- _PROBLEM STATEMENT_
Exactly the lines from the one containing "Solar Panel Recycling Equipment" through the end of the records must be reproduced; leave out all pictures.

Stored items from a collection
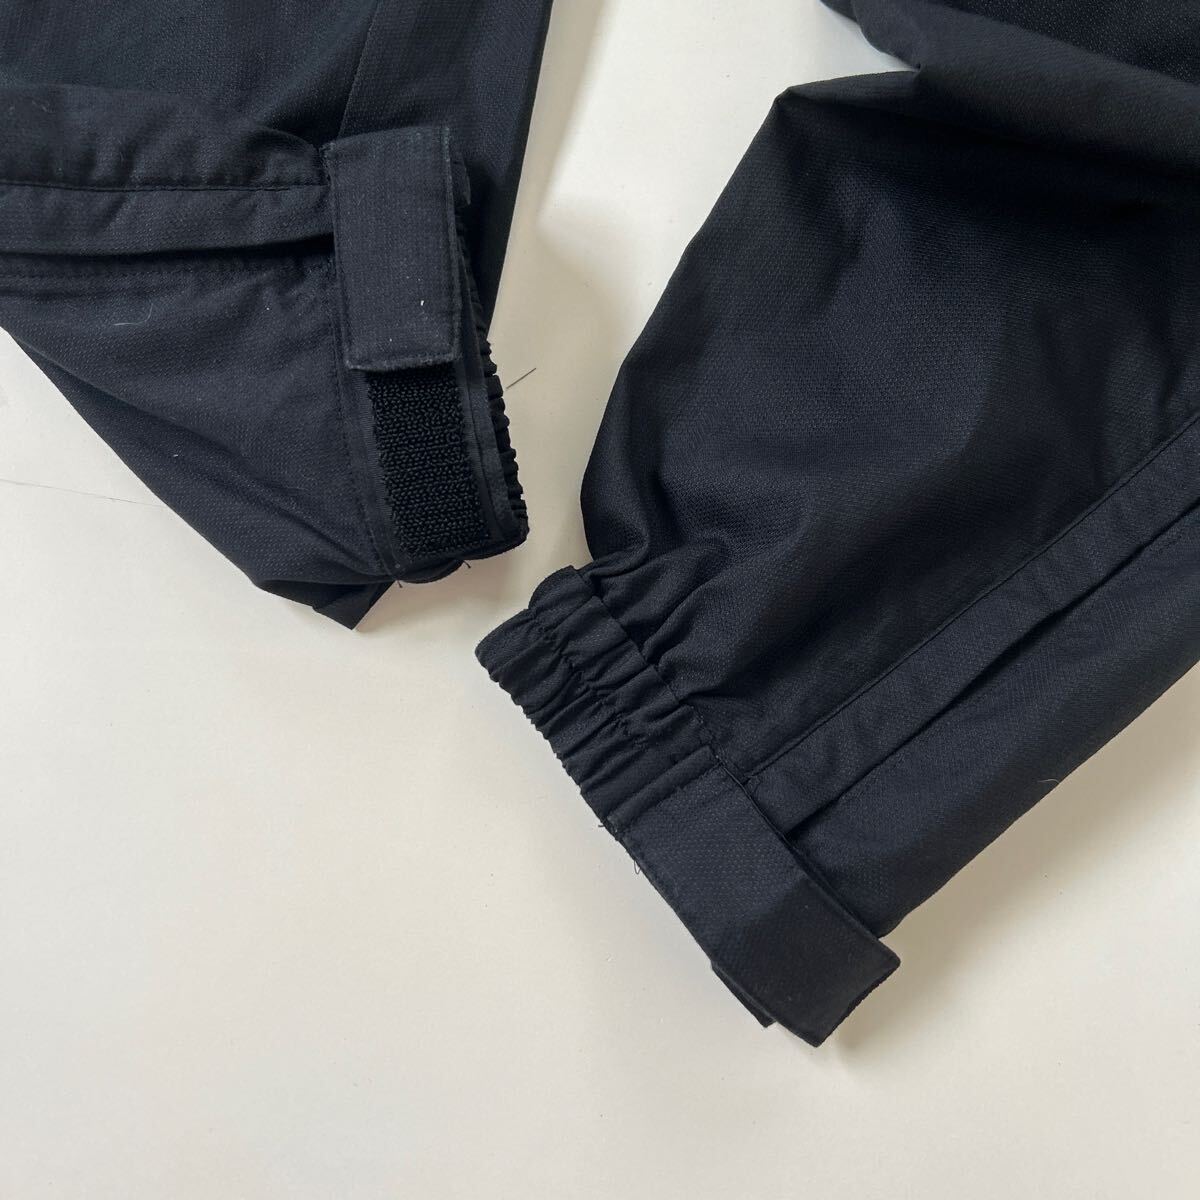  Gamakatsu summer dry брюки M размер 
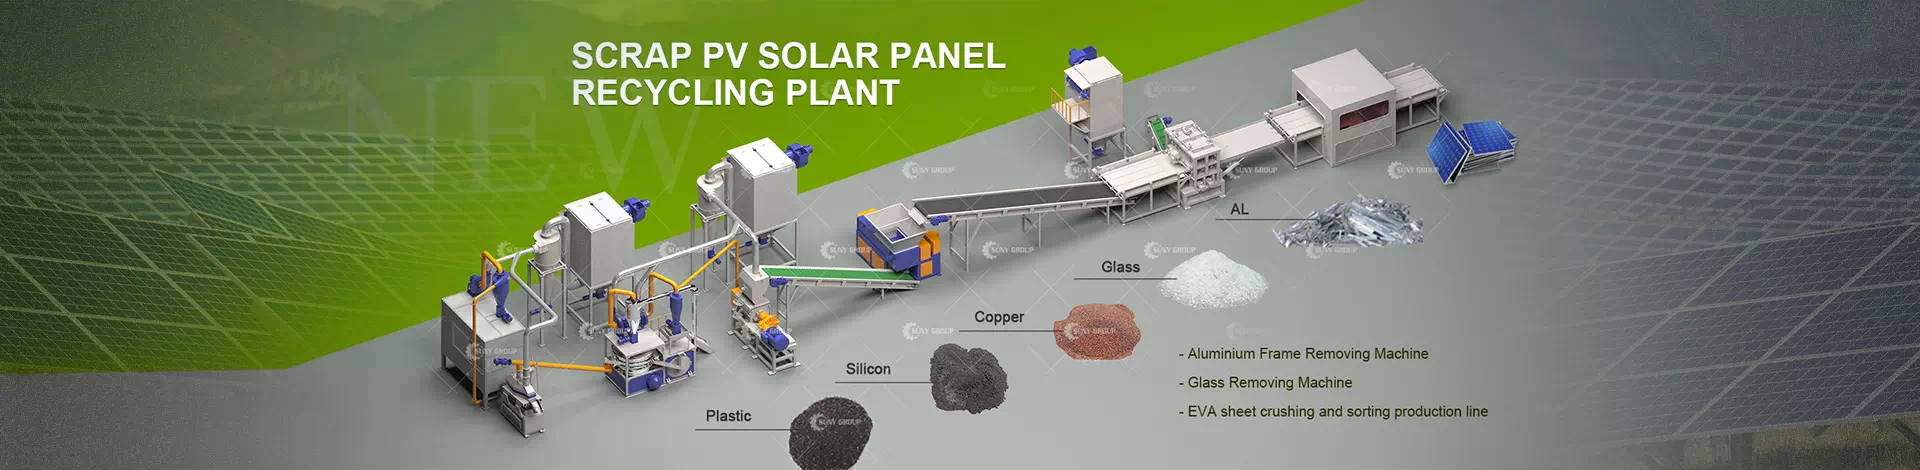 Solar Panel Recycling Equipment
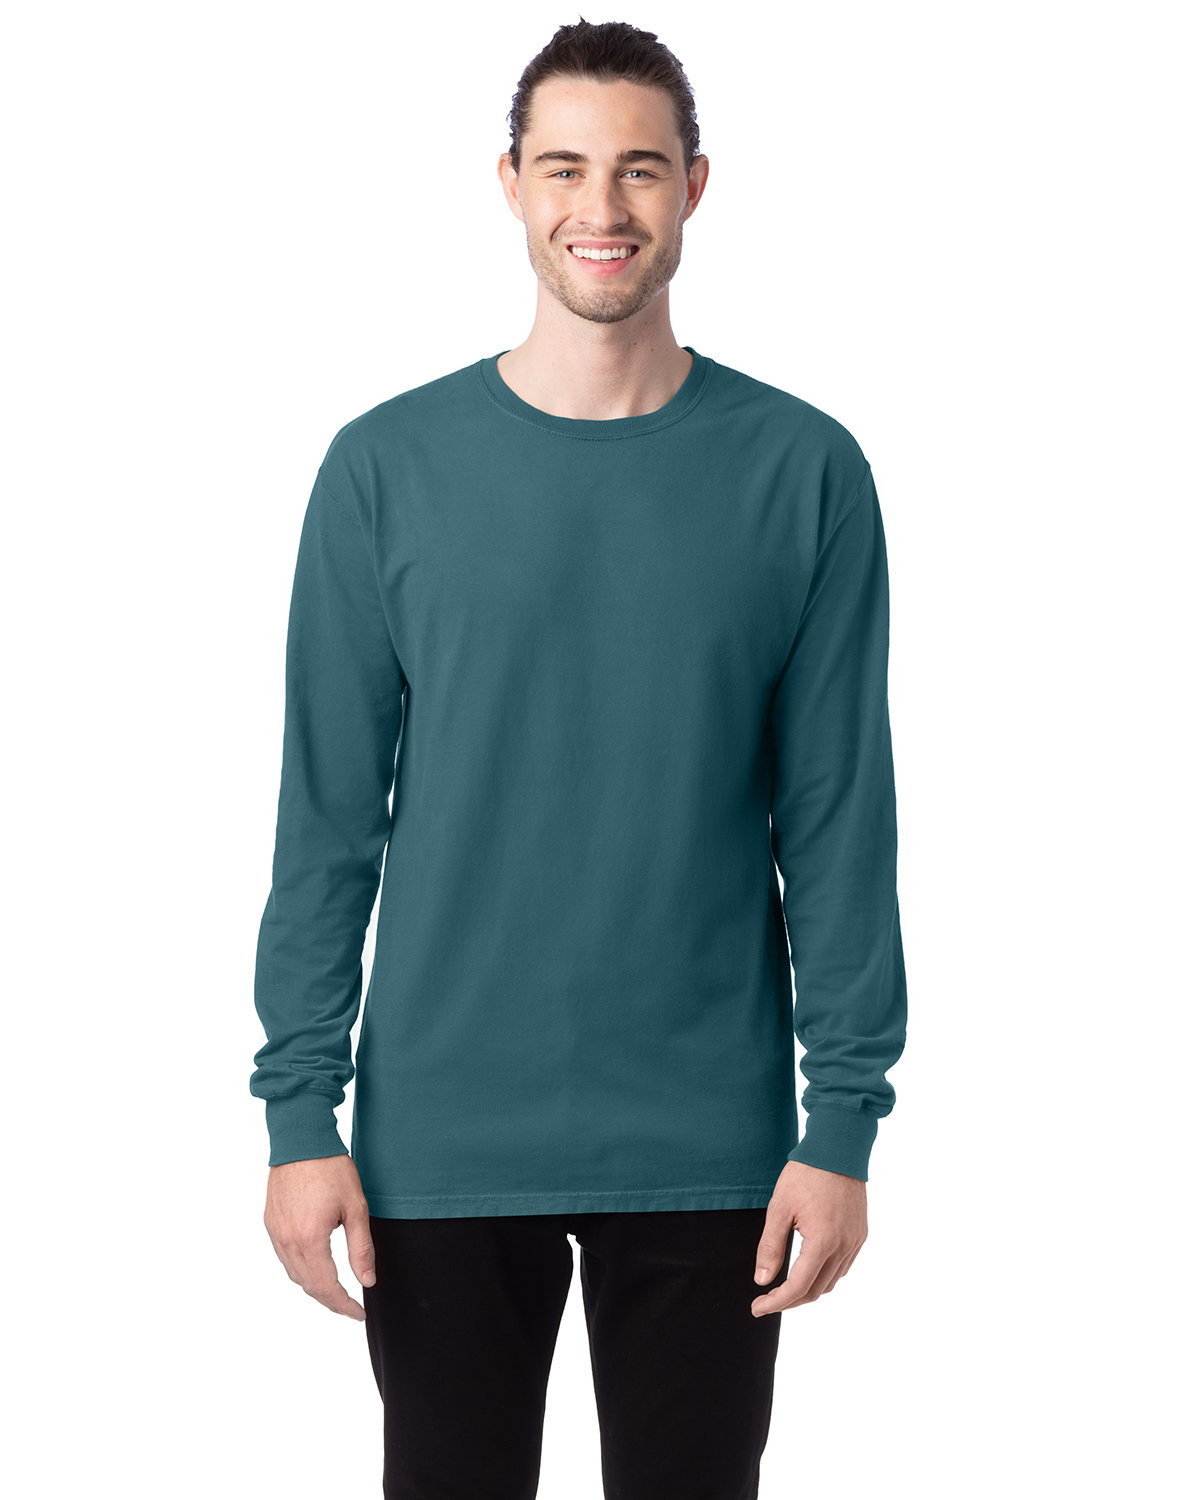 ComfortWash by Hanes Unisex Garment-Dyed Long-Sleeve T-Shirt CACTUS 
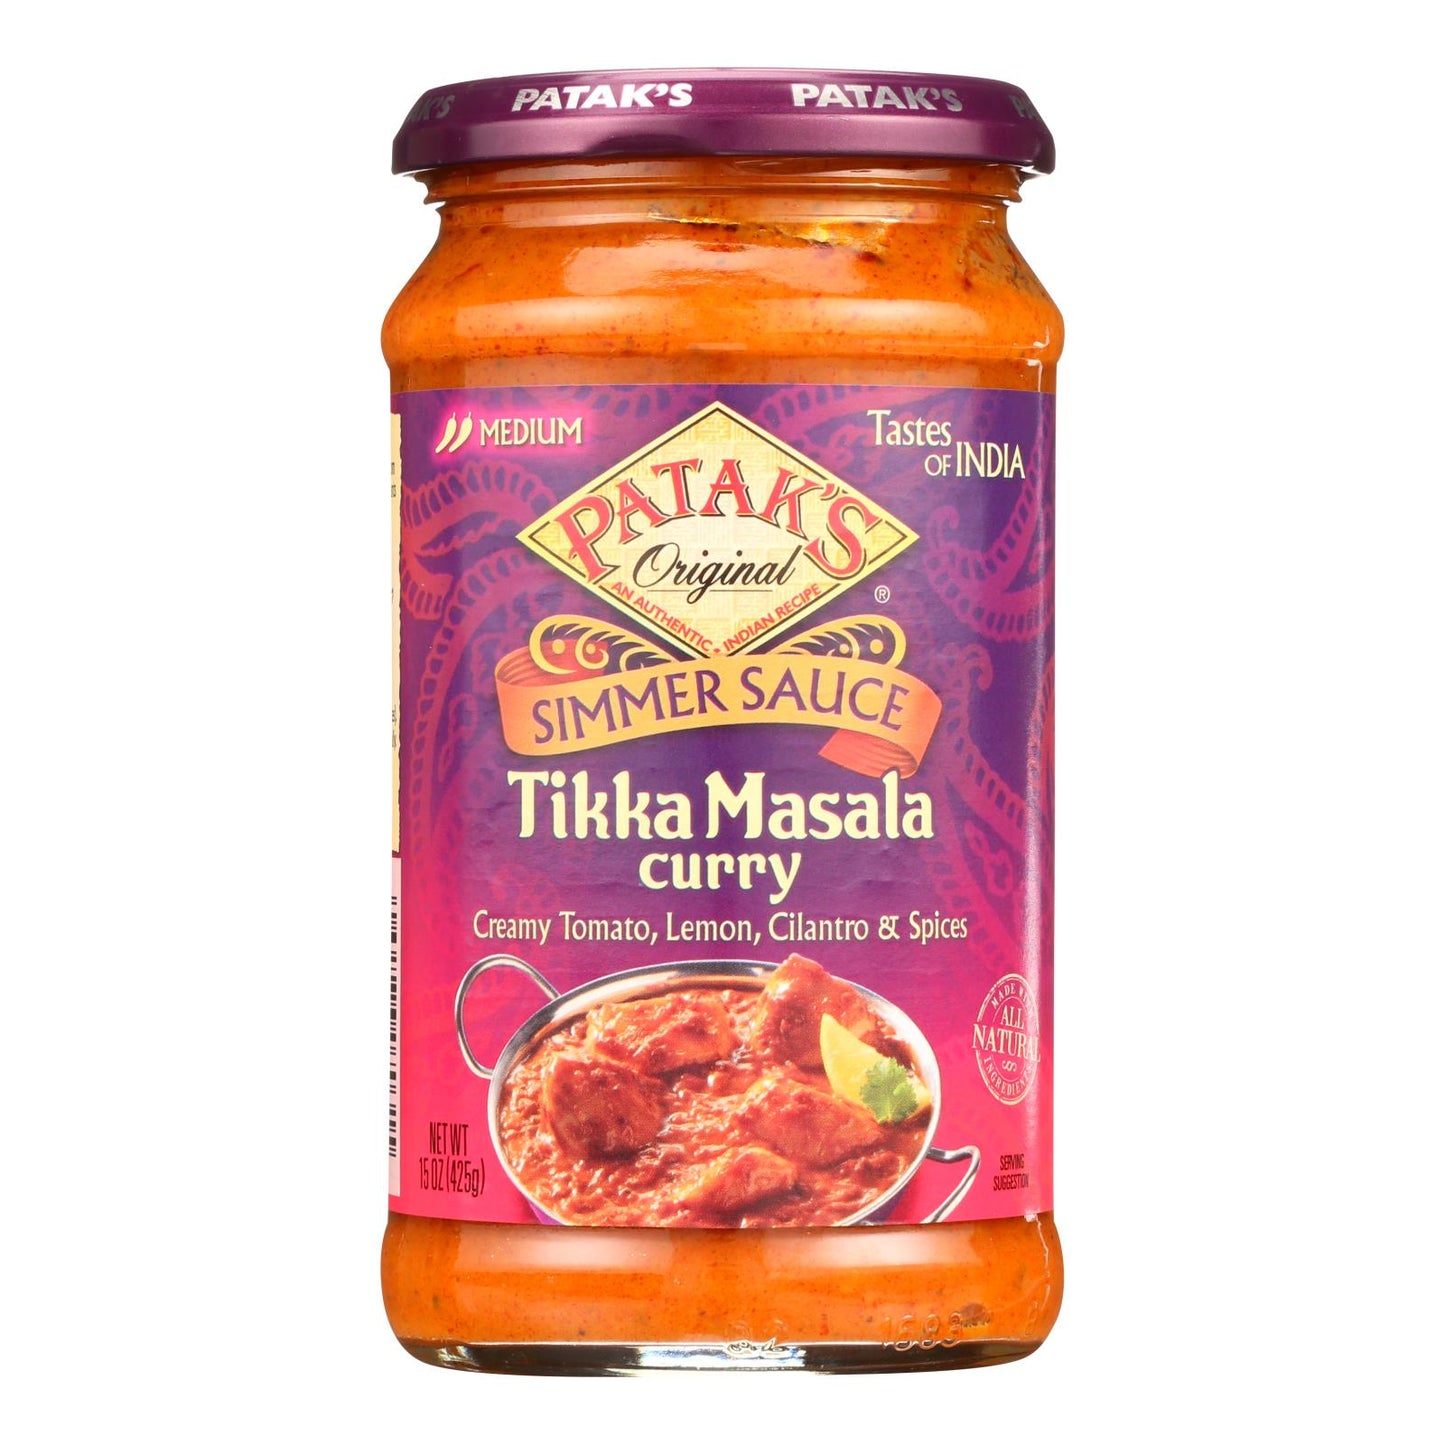 Pataks Simmer Sauce - Tikka Masala Curry - Medium - 15 Oz - Case Of 6
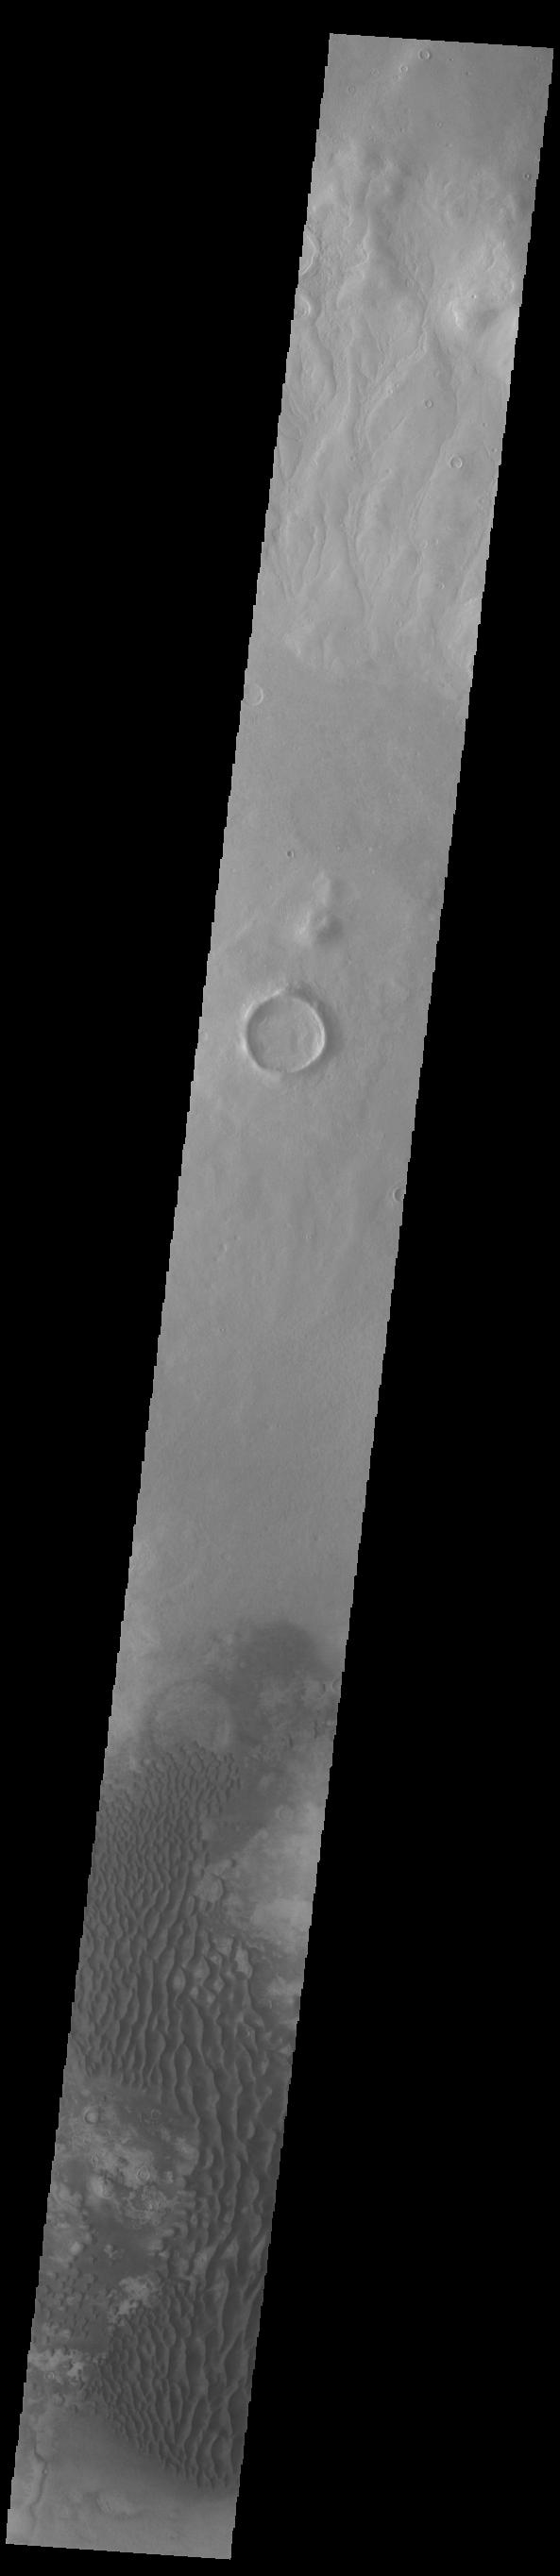 PIA24415: Kaiser Crater Dunes

- _RESULT FOR THIS TASK_
 Solar Panel Recycling Equipment
 ComfortWash by Hanes Unisex Garment-Dyed Long-Sleeve T-Shirt CACTUS 
 Pataks Simmer Sauce - Tikka Masala Curry - Medium - 15 Oz - Case Of 6
 PIA24415: Kaiser Crater Dunes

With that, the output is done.